DESCRIPTION (provided by applicant): Integrated efforts of the Gray and Goodin laboratories will focus on a series of designed sensitizer-linked substrates (SLS) to be used as probes of enzyme function, for the discovery of inhibitors, and as imaging agents for biomedically important metalloproteins. Two primary hypotheses drive these studies: 1) rational design of structural elements into a protein is feasible when coupled to a closed design-feedback cycle, and 2) questions about the function of important enzymes may be addressed using such models. The Gray laboratory has pioneered the use of SLS probes, allowing electron transfer (ET) to be directed into deeply buried protein active sites. Results in the Goodin laboratory have shown that proteins may be manipulated by iterative design to create binding sites for small molecules. In this proposal, a combined molecular design approach will be used in which both the protein and the SLS are designed to be self complementary. The proposed electron transfer pathway in cytochrome c peroxidase will be excised and replaced with redox active SLS probes to address questions about the chemical nature and context of specific ET pathways. SLS probes will be coupled to a protein-based model for the heme a3/CUB center of cytochrome c oxidase, providing new ways to test emerging ideas about how electron donors participate in O2 reduction. Novel SLS probes will be developed for identification of enzyme inhibitors and for imaging specific biological targets. One class will be designed to switch from a luminescent to a dark state upon binding to the protein target, and to recover luminescence upon displacement by a competitive inhibitor. The long-term goal is to develop isoform specific probes for screening inhibitors of important enzymes such as cytochrome P450 and nitric oxide synthase (NOS). A second class of probes will be designed to switch from a dark to a luminescent state upon binding to a target. These probes will be designed to detect NOS isoforms; their study will represent a critical first step toward our long-term goal of developing new tools for imaging and spatial localization of proteins in vivo. Overall, this proposal will contribute a completely novel approach to the design of structural elements into protein frameworks for the purpose of detecting, controlling and understanding the behavior of metalloproteins.

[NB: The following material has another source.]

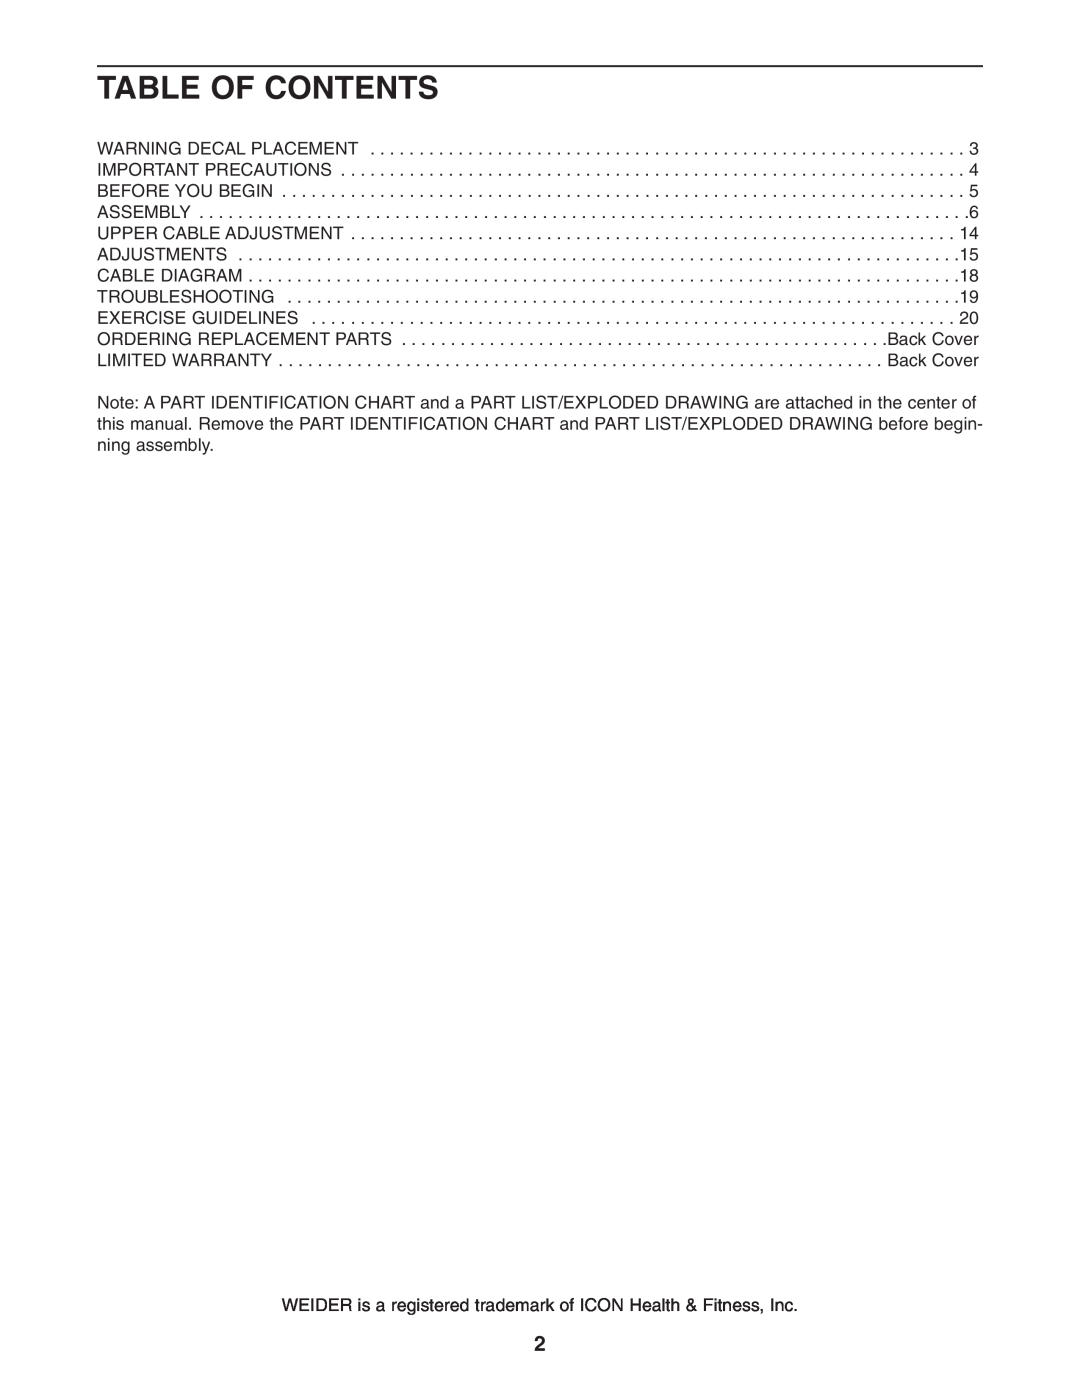 Weider WESY68632 user manual Table Of Contents, WEIDER is a registered trademark of ICON Health & Fitness, Inc

描述（由申请人提供）：Gray和Goodin实验室的综合努力将集中在一系列设计的敏化剂连接底物（SLS）上，这些底物将用作酶功能的探针，用于发现抑制剂，并用作生物医学上重要的金属蛋白的成像剂。两个主要的假设驱动这些研究：1）合理设计的结构元件到蛋白质是可行的，当耦合到一个封闭的设计反馈循环，和2）有关的重要酶的功能的问题可以使用这样的模型来解决。格雷实验室率先使用SLS探针，允许电子转移（ET）被引导到深埋的蛋白质活性位点。Goodin实验室的结果表明，蛋白质可以通过迭代设计来操纵，以创建小分子的结合位点。在这个提议中，将使用一种组合的分子设计方法，其中蛋白质和SLS都被设计成自我互补的。细胞色素c过氧化物酶中的电子转移途径将被切除，并替换为氧化还原活性SLS探针，以解决有关特定ET途径的化学性质和背景的问题。SLS探针将耦合到基于蛋白质的模型血红素a3/CUB中心的细胞色素c氧化酶，提供新的方法来测试新兴的想法，电子供体如何参与O2还原。新型SLS探针将被开发用于酶抑制剂的鉴定和特定生物靶标的成像。一类将被设计成在与蛋白质靶结合时从发光状态切换到暗状态，并且在被竞争性抑制剂置换时恢复发光。长期目标是开发亚型特异性探针，用于筛选重要酶如细胞色素P450和一氧化氮合酶（NOS）的抑制剂。第二类探针将被设计成在与靶结合时从黑暗状态切换到发光状态。这些探针将被设计用于检测NOS亚型;他们的研究将代表我们朝着开发体内蛋白质成像和空间定位新工具的长期目标迈出的关键的第一步。总的来说，这一建议将有助于一个全新的方法来设计的结构元素到蛋白质框架的目的，检测，控制和理解金属蛋白的行为。